Food Geek Friday: Honey Mustard and Nut Crusted Chicken
A couple of weeks ago, I shared that I'm not the greatest with cooking chicken. Personally, I think it's because I'm not the biggest chicken fan. I don't dislike it...but it's not my first choice either. Then I made this recipe.
It doesn't make chicken a go-to, but this recipe is. I've definitely had a lot more chicken in the past couple of weeks due to this recipe. It's been perfect every. single. time.
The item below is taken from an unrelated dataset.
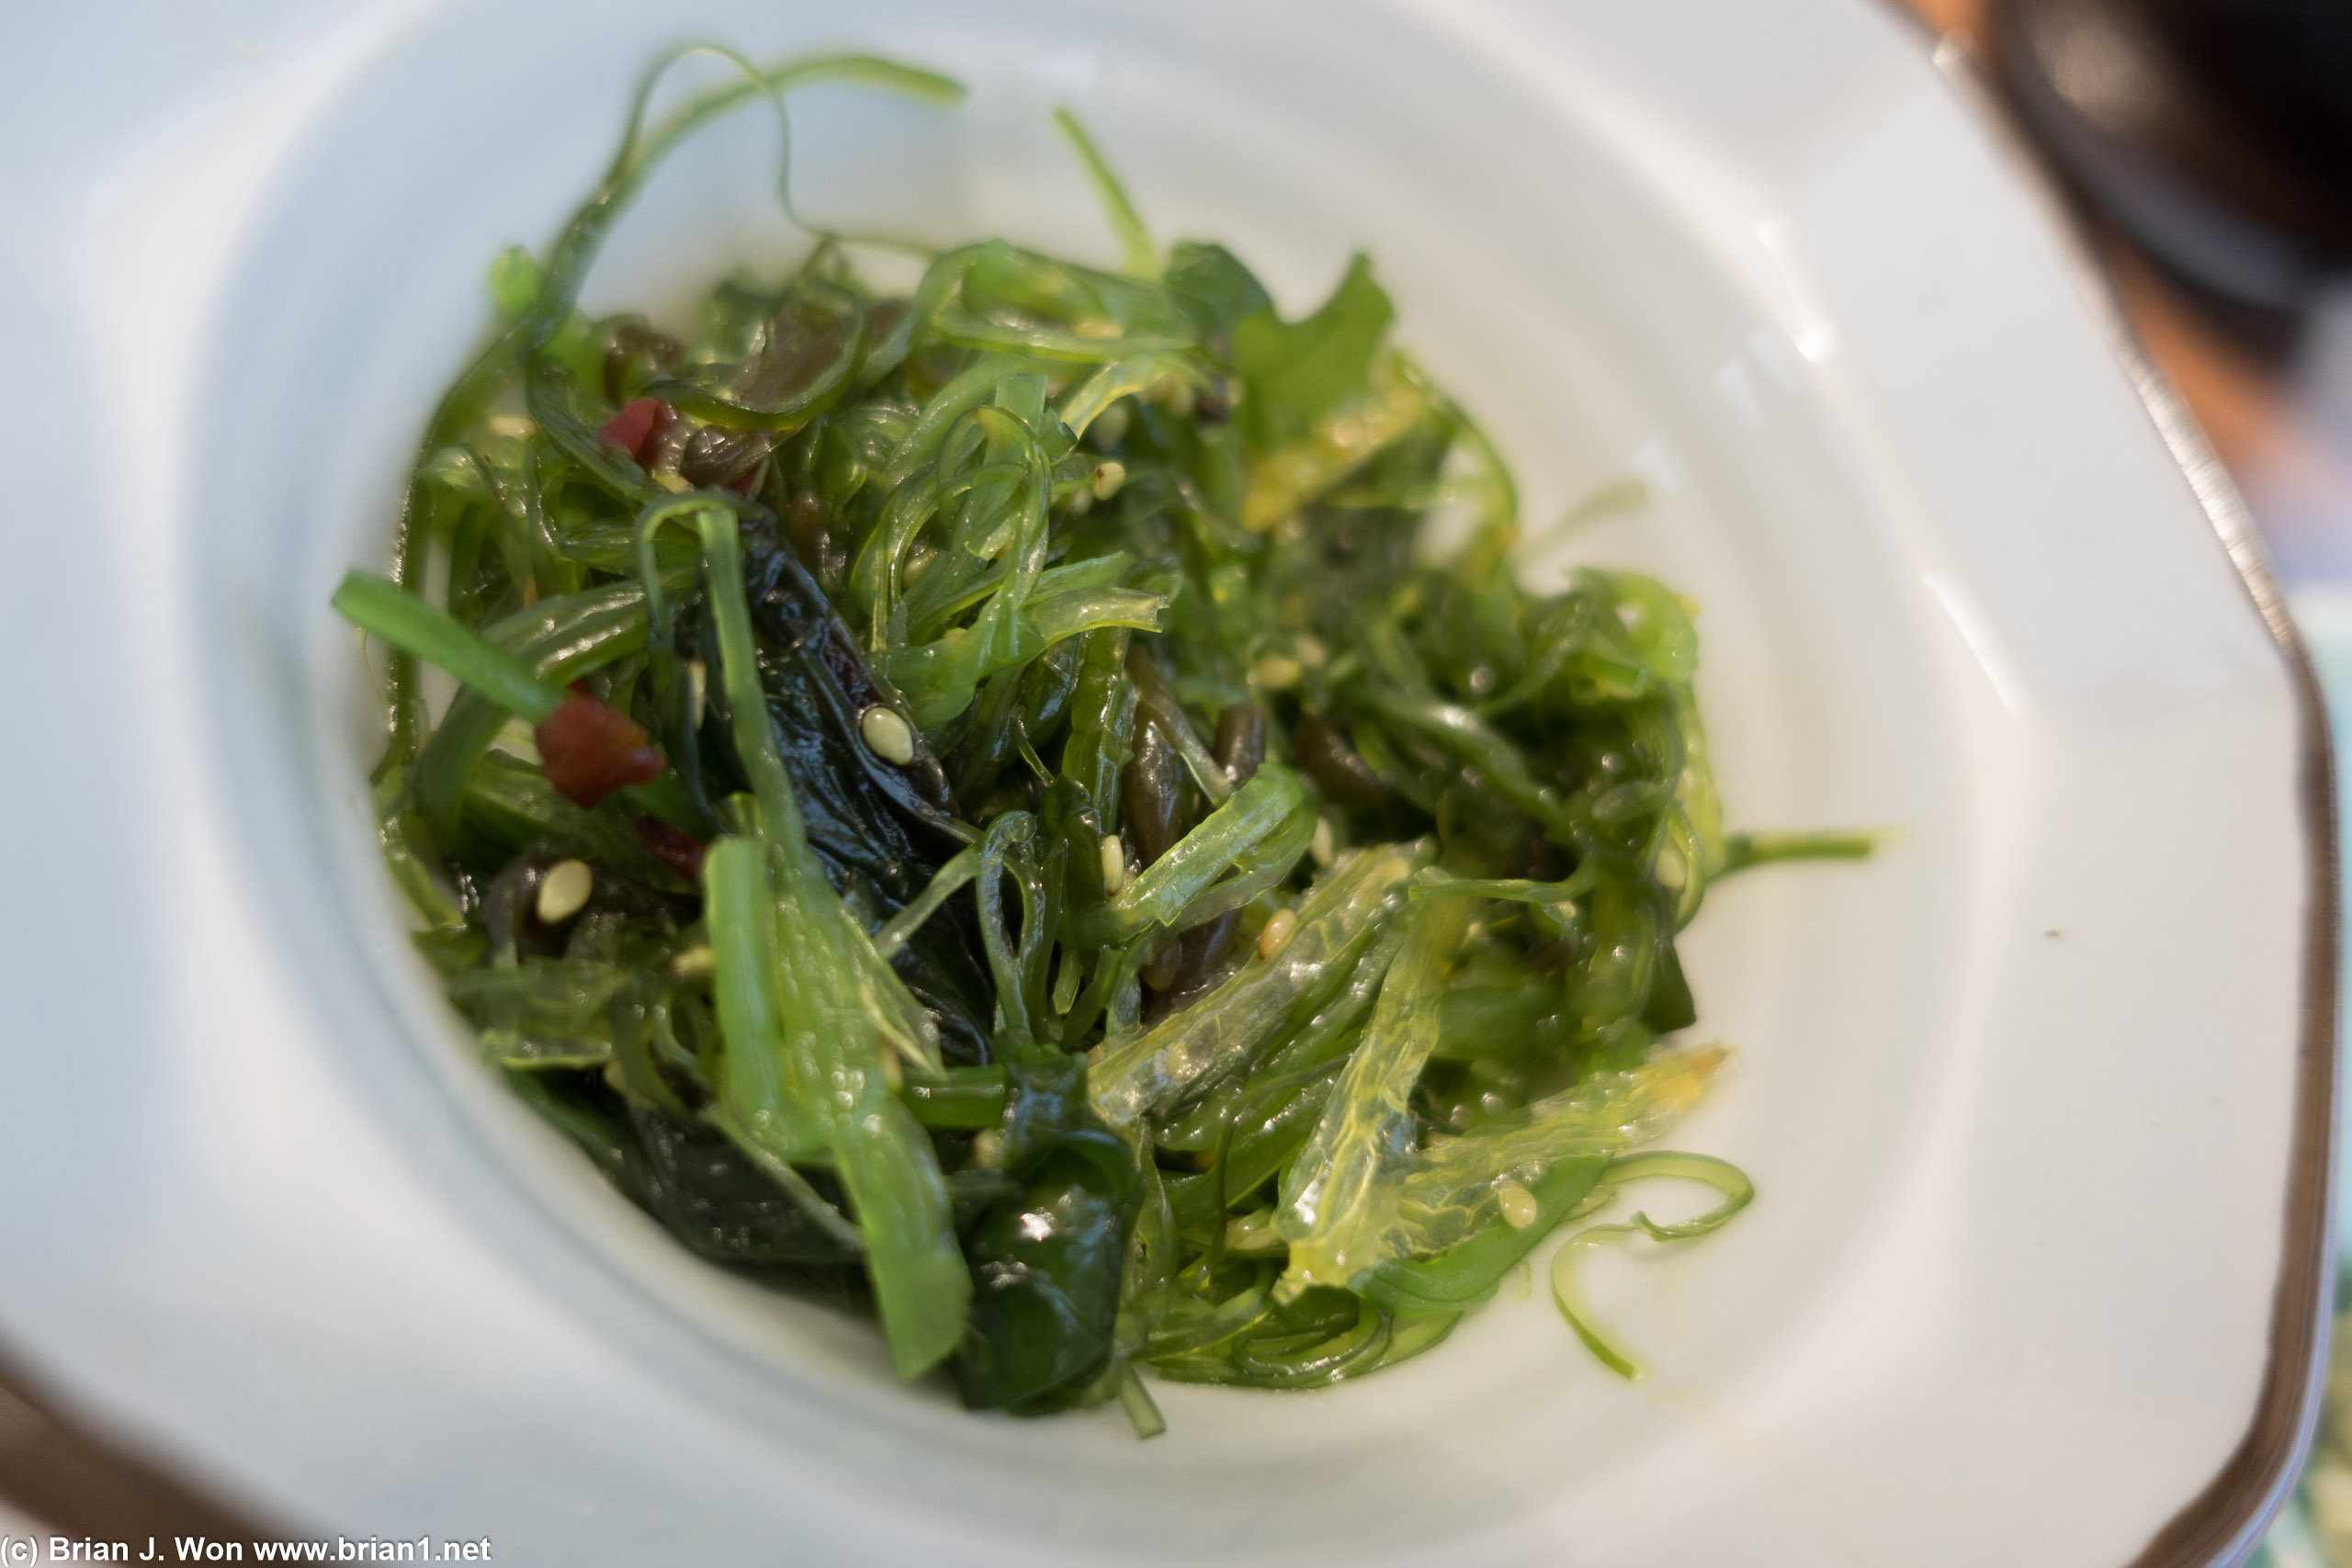 Seaweed salad was best described as not bad.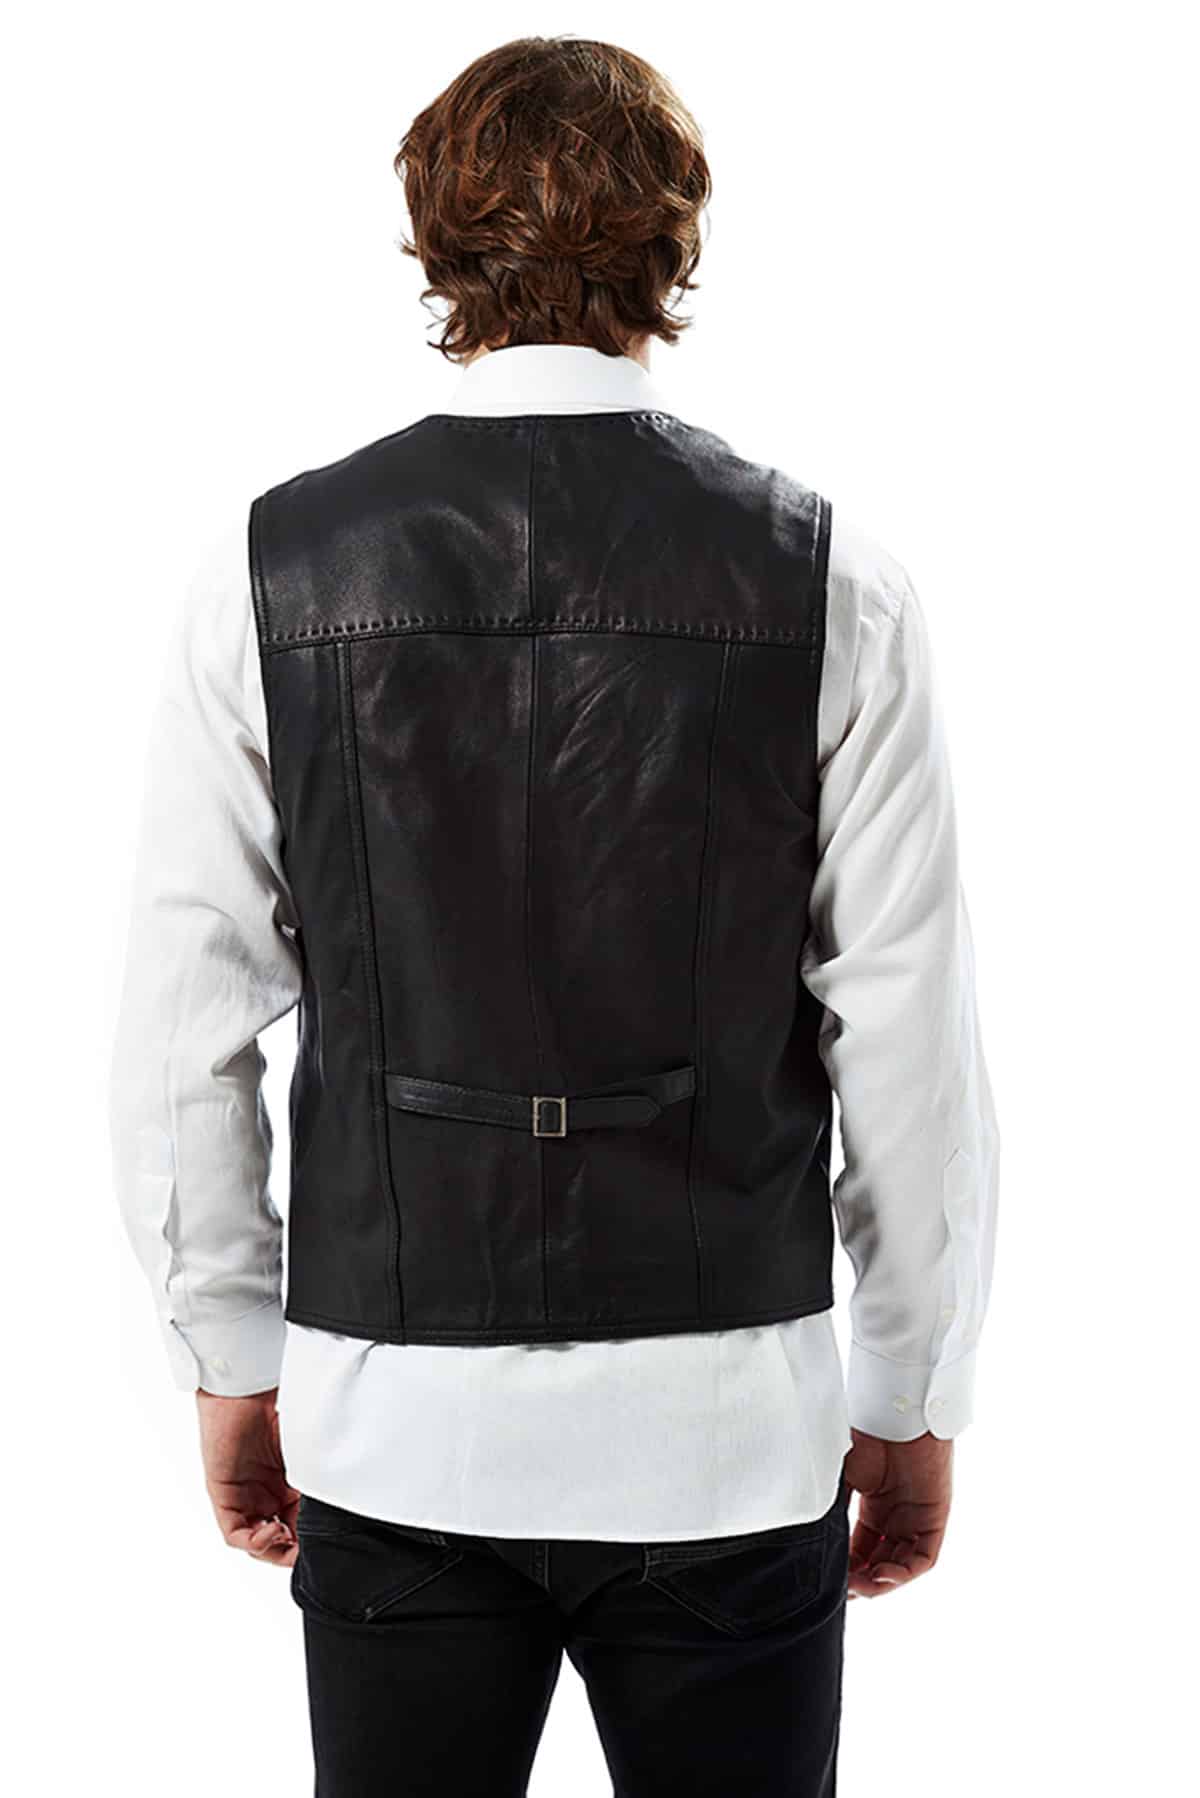 Pinto Classic Black Leather Vest – Urban Fashion Studio

It also does nicely as leftovers.
If you make it this weekend, let me know what you think.
Honey Mustard and Nut Crusted Chicken
- Favorite nuts
- Dijon mustard
- boneless, skinless chicken breasts
- cooking oil of choice
- Preheat oven to 350 degrees. Spray glass baking dish with oil of choice.
- Pulse nuts in food processor until coarsely ground. Put in bowl.
- Mix dijon mustard and honey to taste. Place in second bowl.
- Pat chicken breasts dry. Dip in mustard mixture until covered. Dip in ground nuts until covered. Place in baking dish. Repeat process with each piece of chicken. Tip: It's easiest if you keep a "wet" hand for dipping and a "dry" hand to sprinkle nuts on missed spots.
- Bake for 40-45 minutes or until juices run clear.
- Allow to rest for 5 minutes before cutting. Serve with favorite vegetables.